Les dépouilles de l’excoriation sont des lanières blanches, des loques satinées qui, loin de choir à terre, font prise sur le dos de la Scorpionne, vers la base des pattes surtout, et s’y enchevêtrent en un moelleux tapis sur lequel reposent les récents écorchés. La monture a maintenant une housse favorable à la station des remuants cavaliers. Faut-il descendre, faut-il remonter, la couche de guenilles, devenue solide harnais, donne des appuis pour les rapides évolutions.

Lorsque, d’un léger coup de pinceau, je culbute la famille, il est réjouissant de voir avec quelle promptitude les désarçonnés se remettent en selle. Les franges de la housse sont saisies, la queue fait levier, et d’un élan le cavalier est en place. Ce curieux tapis, vrai filet d’abordage qui permet facile escalade, persiste, sans dislocations, une semaine à peu près, c’est-à-dire jusqu’à l’émancipation. Alors il se détache spontanément, soit en bloc, soit en détail, et rien n’en reste quand les petits sont disséminés à la ronde.

Cependant la coloration s’annonce ; le ventre et la queue se teintent d’aurore, les pinces prennent le doux éclat de l’ambre translucide. La jeunesse embellit tout. Ils sont en vérité superbes, les petits Scorpions languedociens. S’ils restaient ainsi, s’ils ne portaient, bientôt menaçant, un alambic à venin, ils seraient gracieuses créatures que l’on prendrait plaisir à élever. Bientôt s’éveillent en eux les velléités d’émancipation. Volontiers ils descendent du dos maternel pour folâtrer joyeusement dans le voisinage. S’ils s’écartent trop, la mère les admoneste, les rassemble en promenant sur le sable le râteau de ses bras.

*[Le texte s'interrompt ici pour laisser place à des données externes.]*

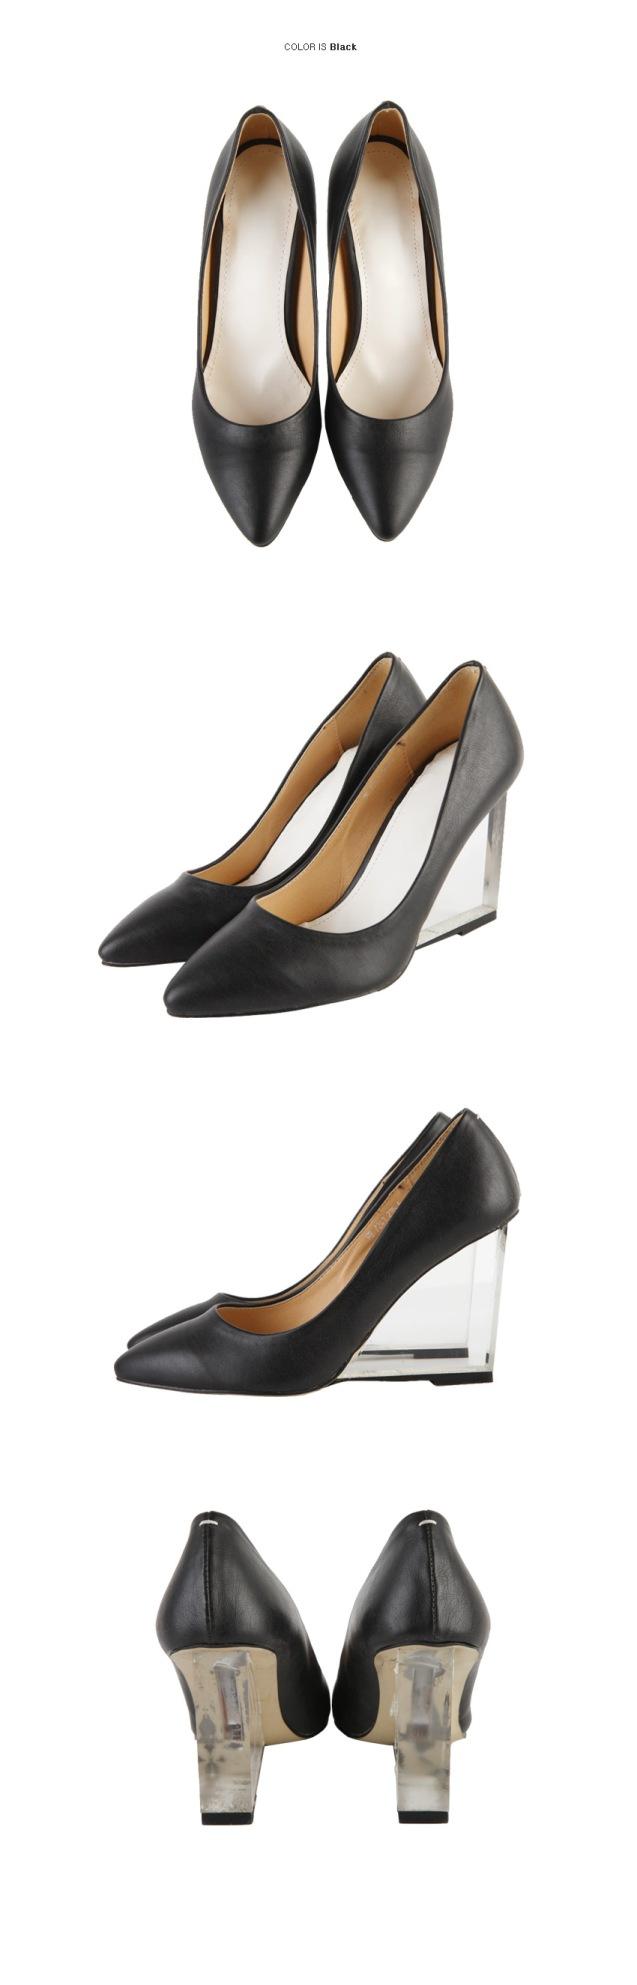 ham130201-1(shoes1)_en

En des moments de sieste, le spectacle de la Scorpionne et de ses petits vaut presque celui de la poule et de ses poussins au repos. La plupart sont à terre, serrés contre la mère ; quelques-uns stationnent sur la housse blanche, délicieux coussin. Il s’en trouve qui escaladent la queue maternelle, se campent sur le haut de la volute et de ce point culminant semblent prendre plaisir à regarder la foule. De nouveaux acrobates surviennent qui les délogent et leur succèdent. Chacun veut avoir sa part des curiosités du belvédère.

Le gros de la famille est autour de la mère ; il y a là un continuel grouillement de marmaille qui s’insinue sous le ventre et s’y blottit, laissant au dehors le front où scintillent les points noirs oculaires. Les plus remuants préfèrent les pattes maternelles, pour eux appareil de gymnase ; ils s’y livrent à des exercices de trapèze. Puis, à loisir, la troupe remonte sur l’échine, prend place, se stabilise, et plus rien ne bouge, ni mère ni petits.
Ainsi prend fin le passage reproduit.